Weaker economic data, especially from the disappointing jobs numbers, and another Eurozone scare dragged on equity exchange traded funds in April. Meanwhile, fixed-income funds helped picked up the slack as investors maintained a “risk-off” safety net.
At the end of April, total assets in U.S.-listed ETF and exchange traded note products totaled about $1.204 billion, an increase of 6% year-over-year, according to the ETF Industry Association. [ETF Performance Report: April Showers]
ETPs brought in $3 billion in April, bringing year-to-date inflows to $58.9 billion, which is already higher than $50.7 billion in inflows for all of 2011.
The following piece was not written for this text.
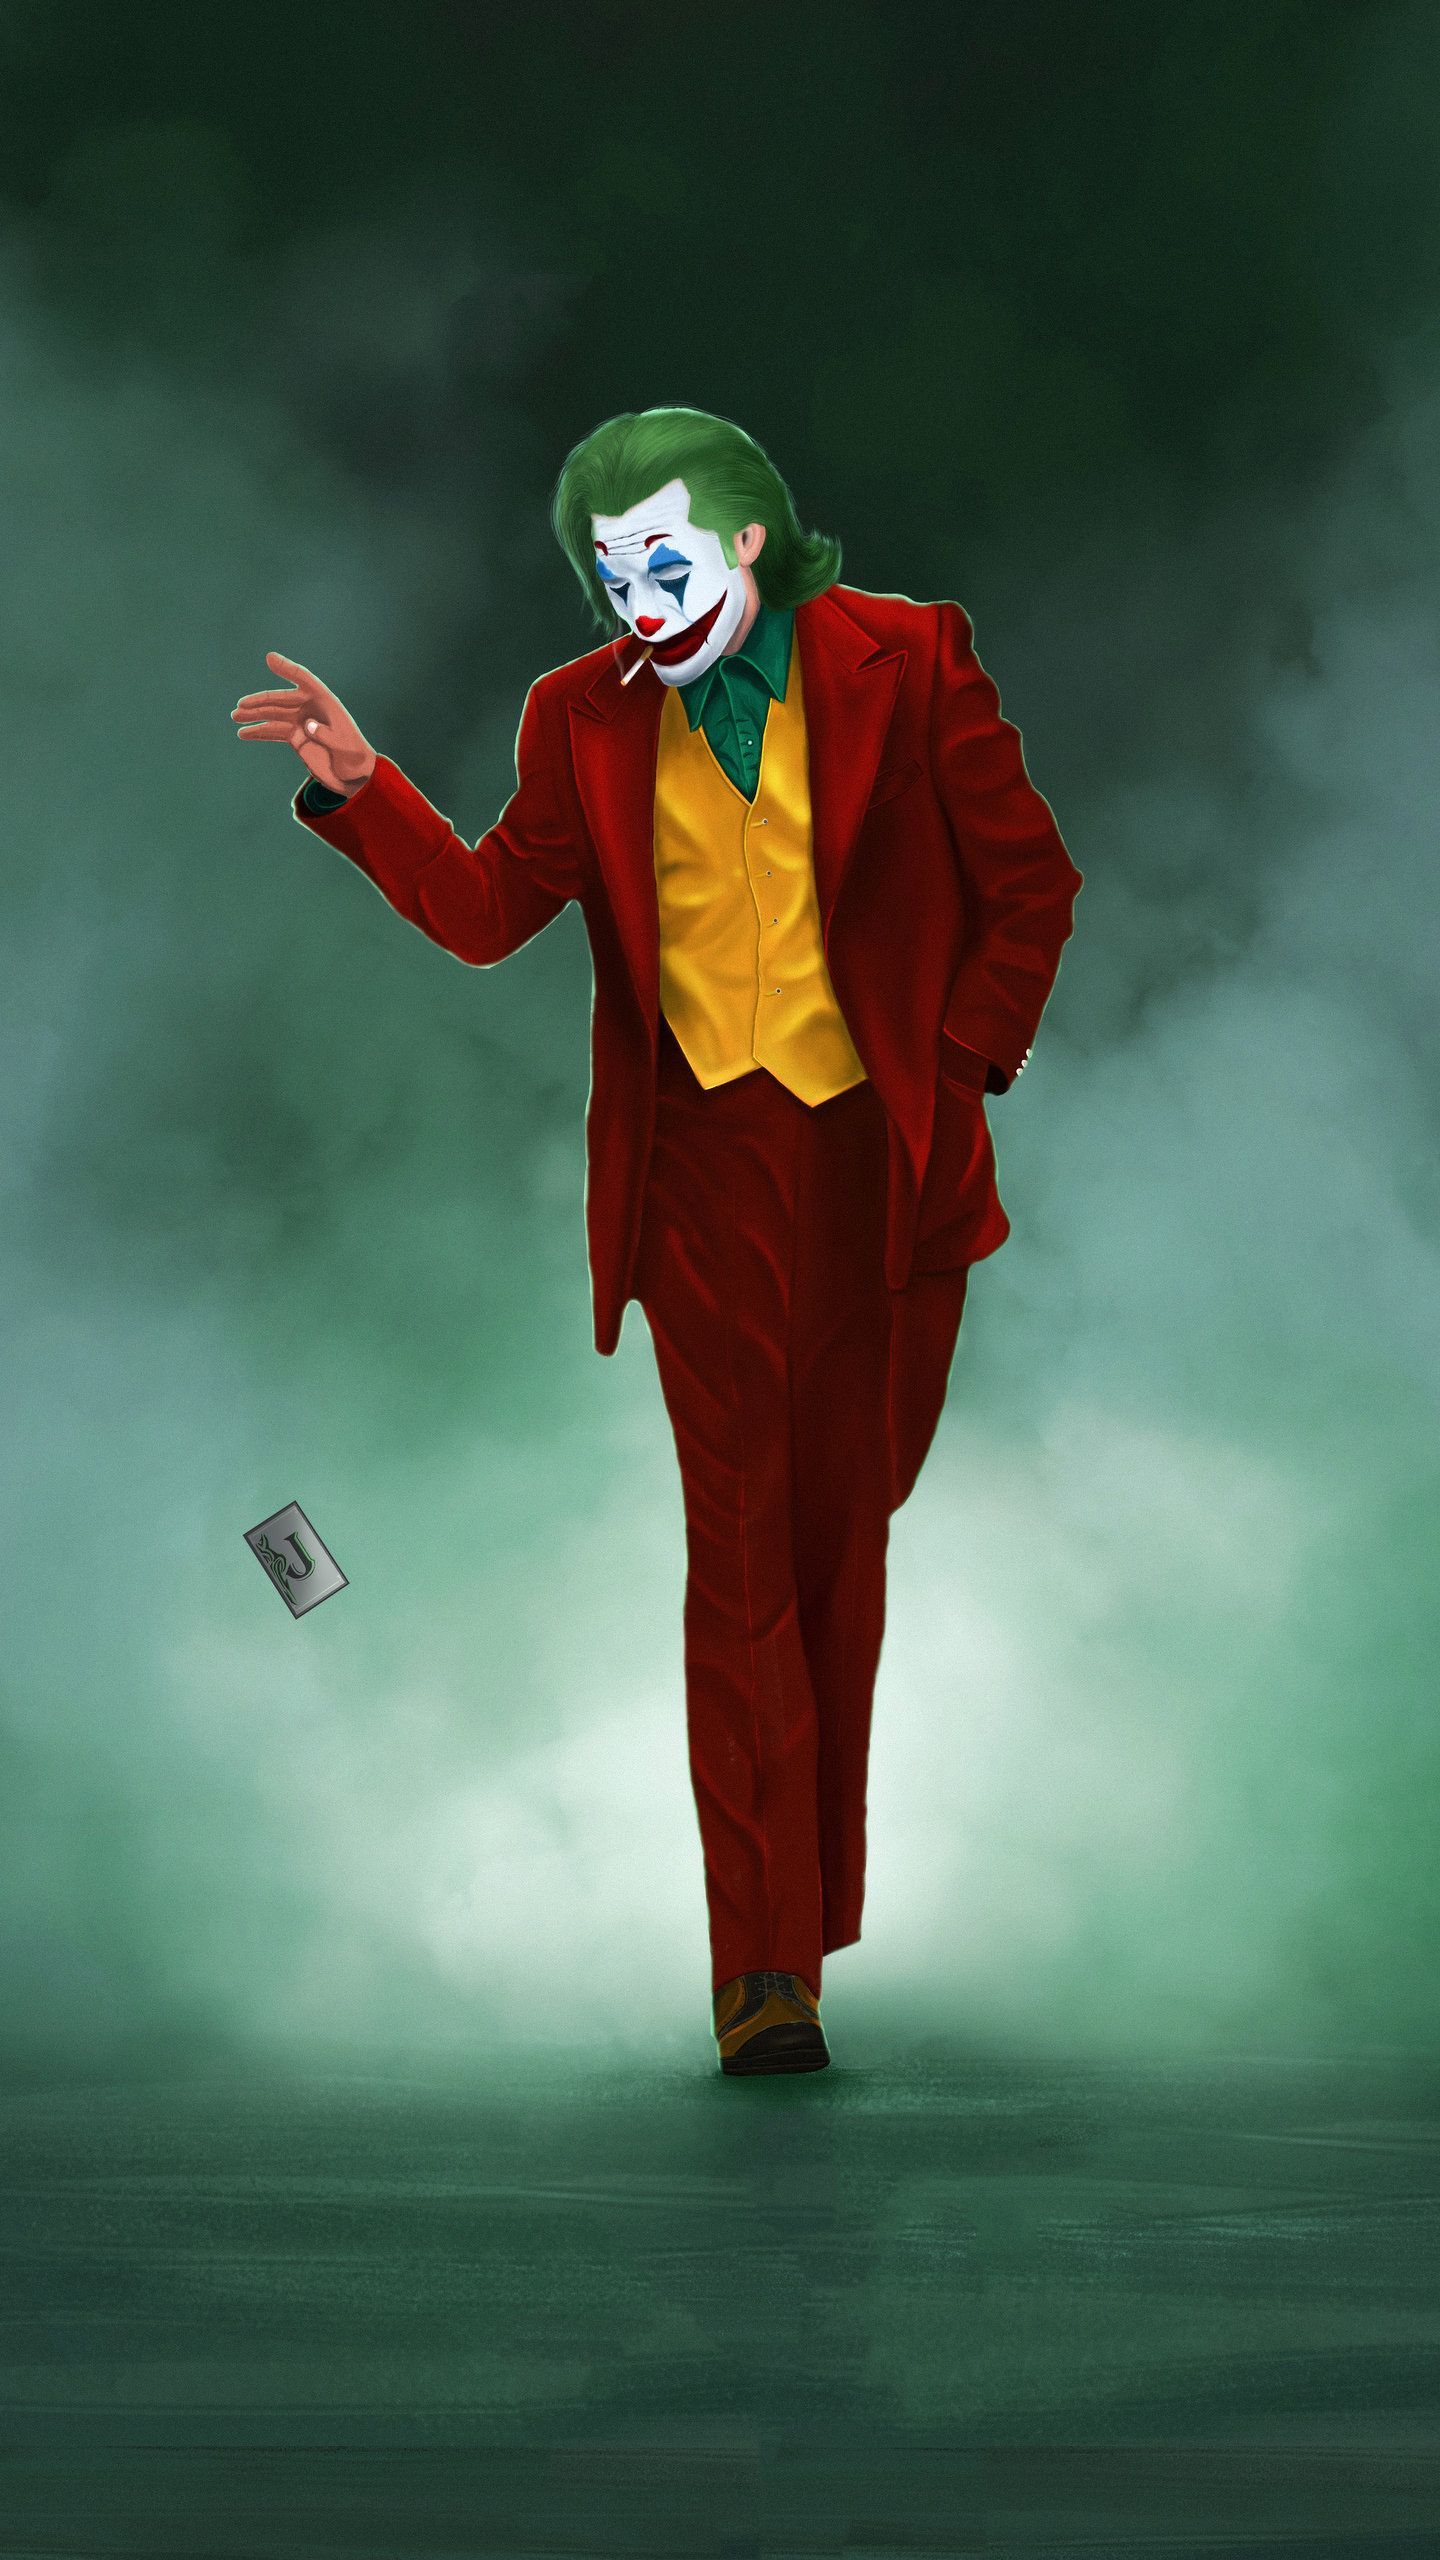 4kjoker Movie HD Wallpaper (1440x2560). Joker image, Batman

Listed trading volumes continue to decline, but average daily volumes for ETFs have risen 0.5% year-to-date, compared to the same period last year, writes Nicholas Colas, Chief Market Strategist at ConvergEx, in a research note.
“Exchange Traded Funds have been one of the few real bright spots in the world of asset management over the past few tumultuous years for the business,” Colas writes. ” The domestic ETF industry is essentially the Energizer Bunny of the U.S. capital market – asset growth keeps going and going.”
Fixed-income ETPs continued to draw in heavy flows, adding almost $5 billion in new assets, which marks the 16th consecutive month of new inflows. However, outflows in risky assets, such as the the $1.2 billion from U.S. equity ETPs and $1 billion drain in commodities, offset some of the overall gains.